Bollettino coronavirus, come leggere i contagi giornalieri? Esperti divisi
Antony Fauci, intervistato di recente dall’ABC, ha detto che con molte infezioni che causano pochi o nessun sintomo “è molto più rilevante concentrarsi sui ricoveri rispetto al numero totale dei casi”. Anche il dottor Wafaa El-Sadr, direttore dell’ICAP, un centro sanitario globale presso la Columbia University, ha dichiarato che “il conteggio dei casi non sembra essere il numero più importante da tenere in considerazione in questo momento”.
“Sarebbe più opportuno concentrarsi sulla prevenzione di malattia, disabilità e morte causate dal Covid in un contesto post vaccinazione, e quindi contare quelli”, ha aggiunto El-Sadr.
Fabrizio Pregliasco la pensa in maniera differente: “Se puntiamo tutto su ricoveri e decessi rischiamo di rimanere indietro rispetto all’andamento dell’epidemia perché tra quando una persona si contagia e quando sviluppa sintomi passano fra i 3 e i 5 giorni; tra l’insorgere dei sintomi e il risultato dei tamponi ne passano altri 2-3”.
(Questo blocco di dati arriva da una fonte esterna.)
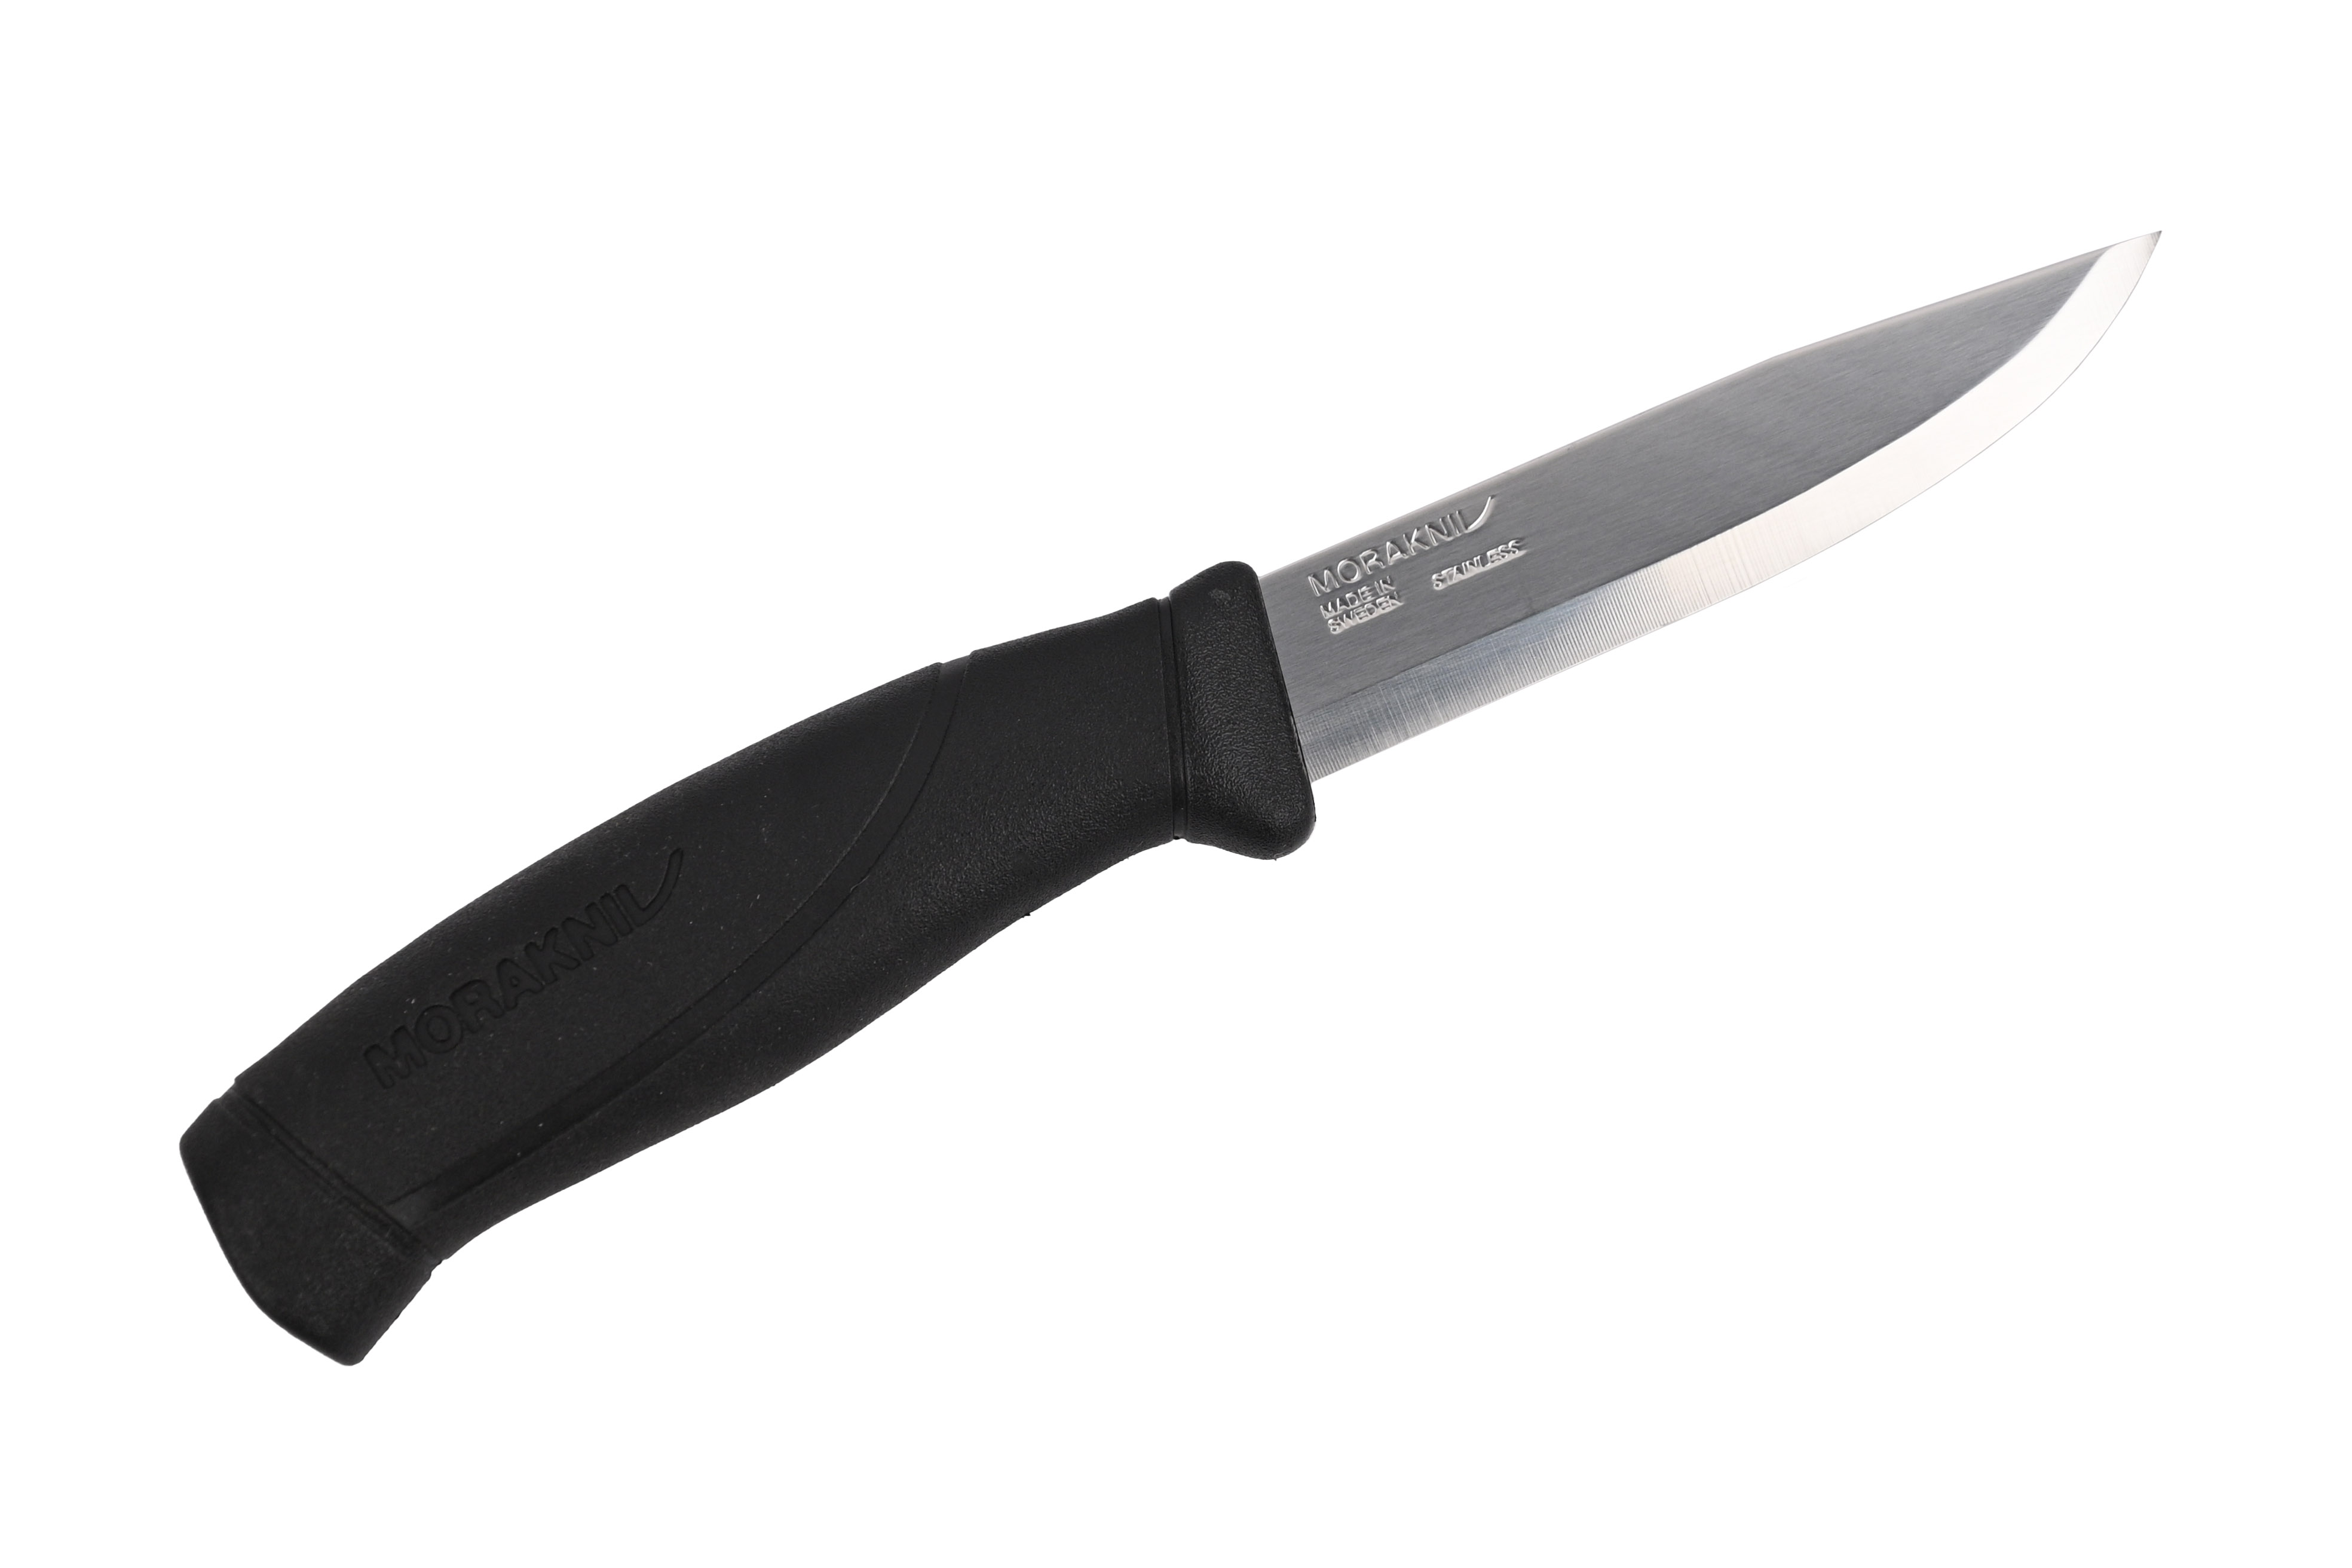 Нож Mora Companion black - фото 1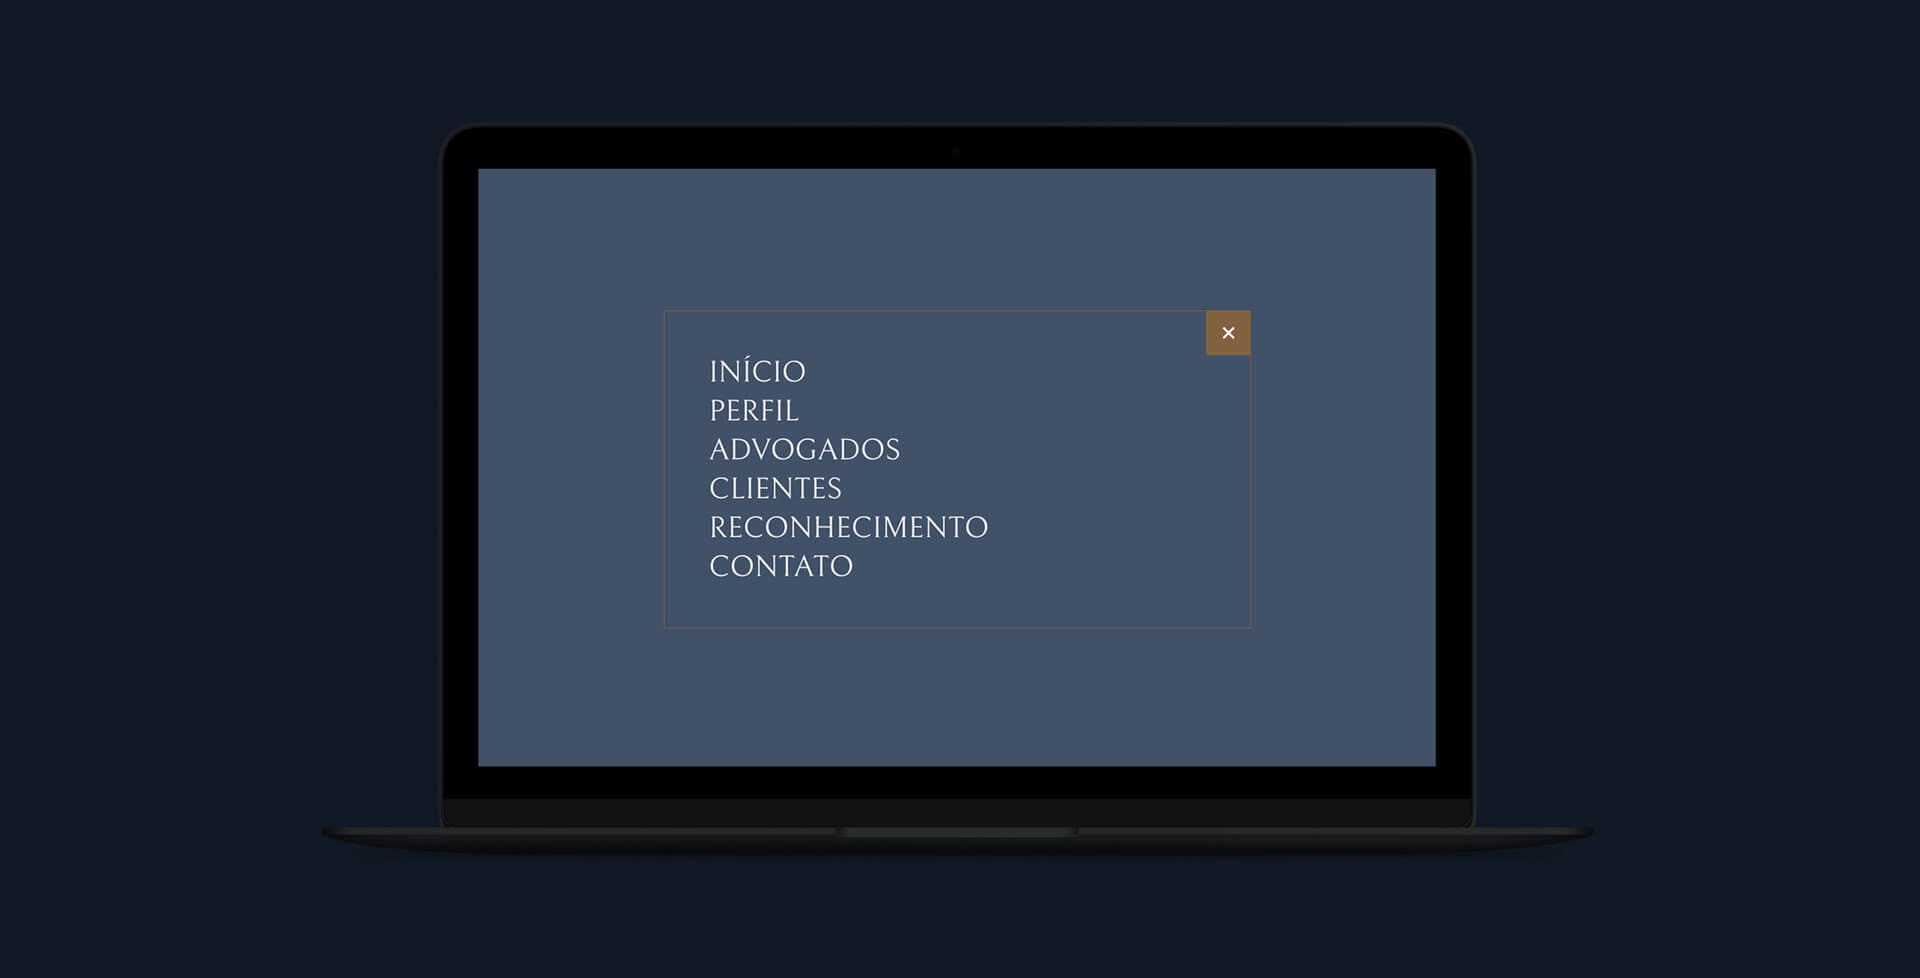 Simulação de menu ativo no site JCL Telles Advocacia.

“Quindi – ha sottolineato Pregliasco – quel contagio ci sta dicendo come si stava muovendo l’epidemia una settimana prima. Con il dato dei ricoveri vediamo invece come si stava evolvendo l’epidemia 10-15 giorni prima. Se rinunciamo a conoscere il numero di contagi rinunciamo anche a capire cosa succederà a distanza di giorni rischiando di arrivare impreparati di fronte a uno tsunami di ricoveri”.
“È logico che non possiamo smettere di contare il numero di persone positive, questo è uno strumento epidemiologico irrinunciabile per gli addetti ai lavori”. Così l’epidemiologo Paolo Bonanni, professore ordinario di Igiene all’Università di Firenze che ha aggiunto: “Il dato assoluto dei contagi oggi è fuorviante e non c’è corrispondenza tra il numero assoluto di infezioni e quello che succederà in termini di ospedalizzazioni e morti”.
“La comunicazione al pubblico deve cambiare” ha evidenziato Antonella Viola. “Quello che conta è la situazione negli ospedali , i ricoverati sono per la maggior parte non vaccinati o pazienti in attesa del richiamo. Il dato assoluto dei contagi, se pubblicato senza adeguato contesto, rischia soltanto di spaventare e scoraggiare”, ha concluso la scienziata.